The output unit selects a sigmoid output unit, and the output unit uses a sigmoid activation function:

first it uses a linear layer to calculate ω^(l)a^(l-1)+b^(l)Secondly, it converts z to the final output using a sigmoid activation function, with a feed-forward network design layer number of 3.

And (3) back propagation: the computation of the gradient of the cost function requires a back-propagation algorithm, the core of which is a partial derivative of the cost function with respect to any weight ω (or bias b)

Is described in (1). The feedforward full-connection neural network model needs to find optimal parameters (weight and bias) to optimally approximate the generated output and the target output, the approximation effect is measured through a cost loss function, and the parameters are optimal when the loss function is minimum. After the forward computation is completed, the backward propagation is implemented recursively using the chain rule, starting from the output layer and computing backward, transforming the gradient on the layer output into the gradient before the nonlinear activation input, then computing the gradient on the weights and bias, and then computing the propagation gradient on the hidden layer of the next layer, all the way to the first hidden layer.

The network parameter update procedure is as follows:

in the formula of^LAn equation indicating an error of the output layer,. indicates a product by element, where

Is defined as a vector whose elements are partial derivatives

Considered as the speed of change of J with respect to the output activation value, σ' (z)^L) Finger sigma (z)^L) The derivative of (c). The second expression represents the error vector delta using the next layer^l+1To represent the error vector delta of the current layer^l，(ω^l+1)^TFinger l +1 layer weight matrix (ω)^l+1) The transposing of (1). The third expression represents the rate of change of the cost function with respect to any bias in the network,

refers to the error of the jth neuron of the ith layer,

refers to the bias of the jth neuron in the ith layer. The fourth equation represents the rate of change of the cost function with respect to any one weight,

refers to the weight of the connection of the kth neuron of the l-1 layer to the jth neuron of the l layer,

refers to the output value of the kth neuron in layer l-1.
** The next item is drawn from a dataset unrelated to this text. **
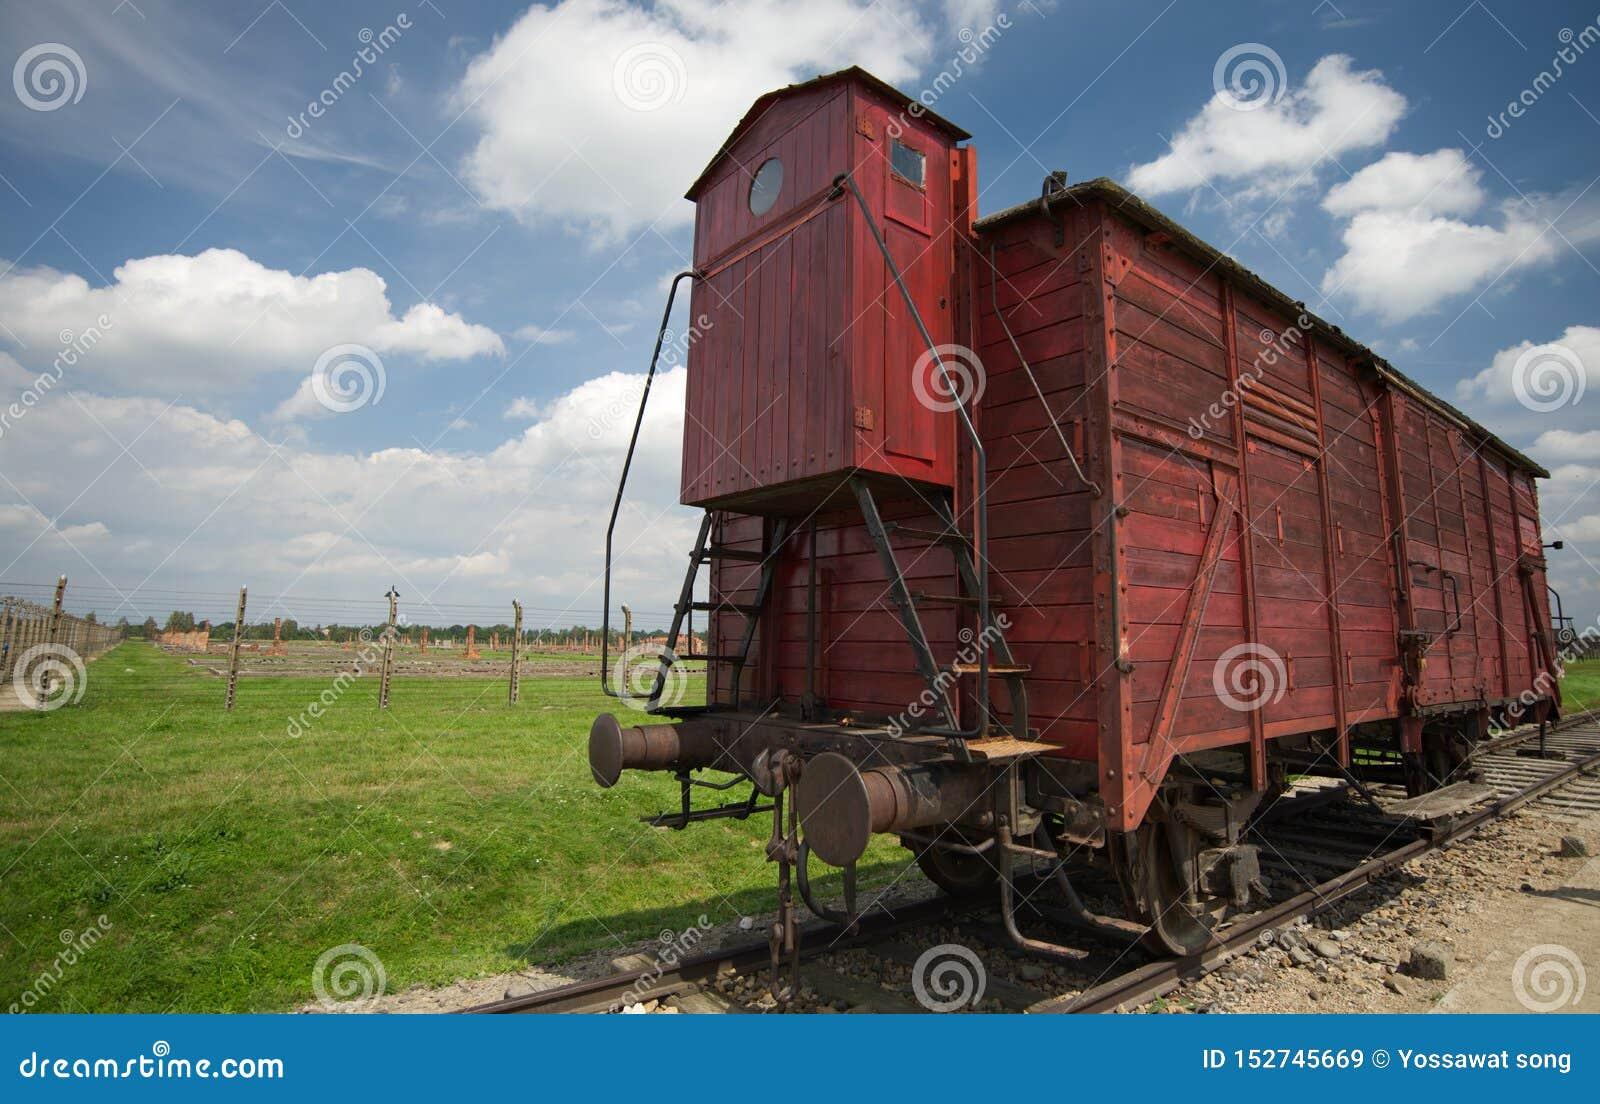 Freight car in Auschwitz II-Birkenau, Warsaw, Poland
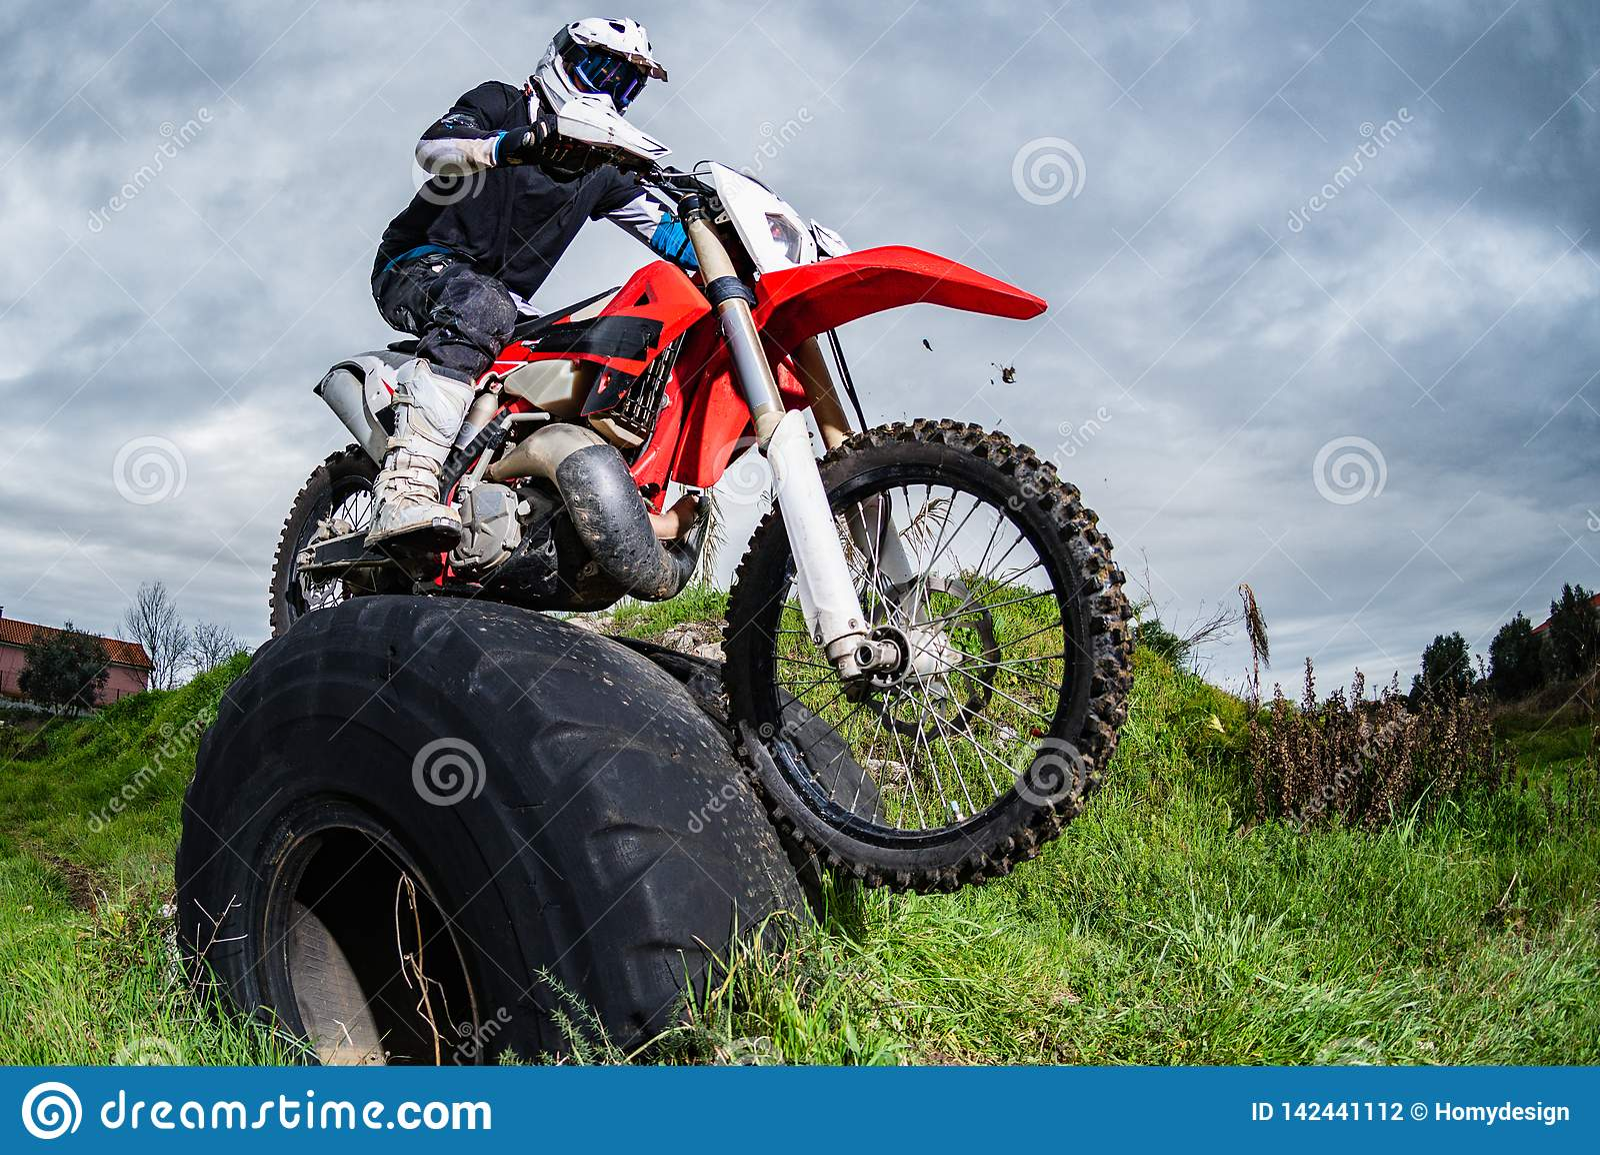 Enduro bike rider stock image. Image of freeride, dirt

(4) The conventional fault recording information of the secondary equipment is used as a sample set to train the feedforward fully-connected neural network, and after the training is finished, a fault positioning model of the secondary equipment is obtained, as shown in fig. 2.

(6) And inputting a fault feature set formed by the fault information of the secondary equipment into the trained fault positioning model to obtain a fault positioning result of the secondary equipment.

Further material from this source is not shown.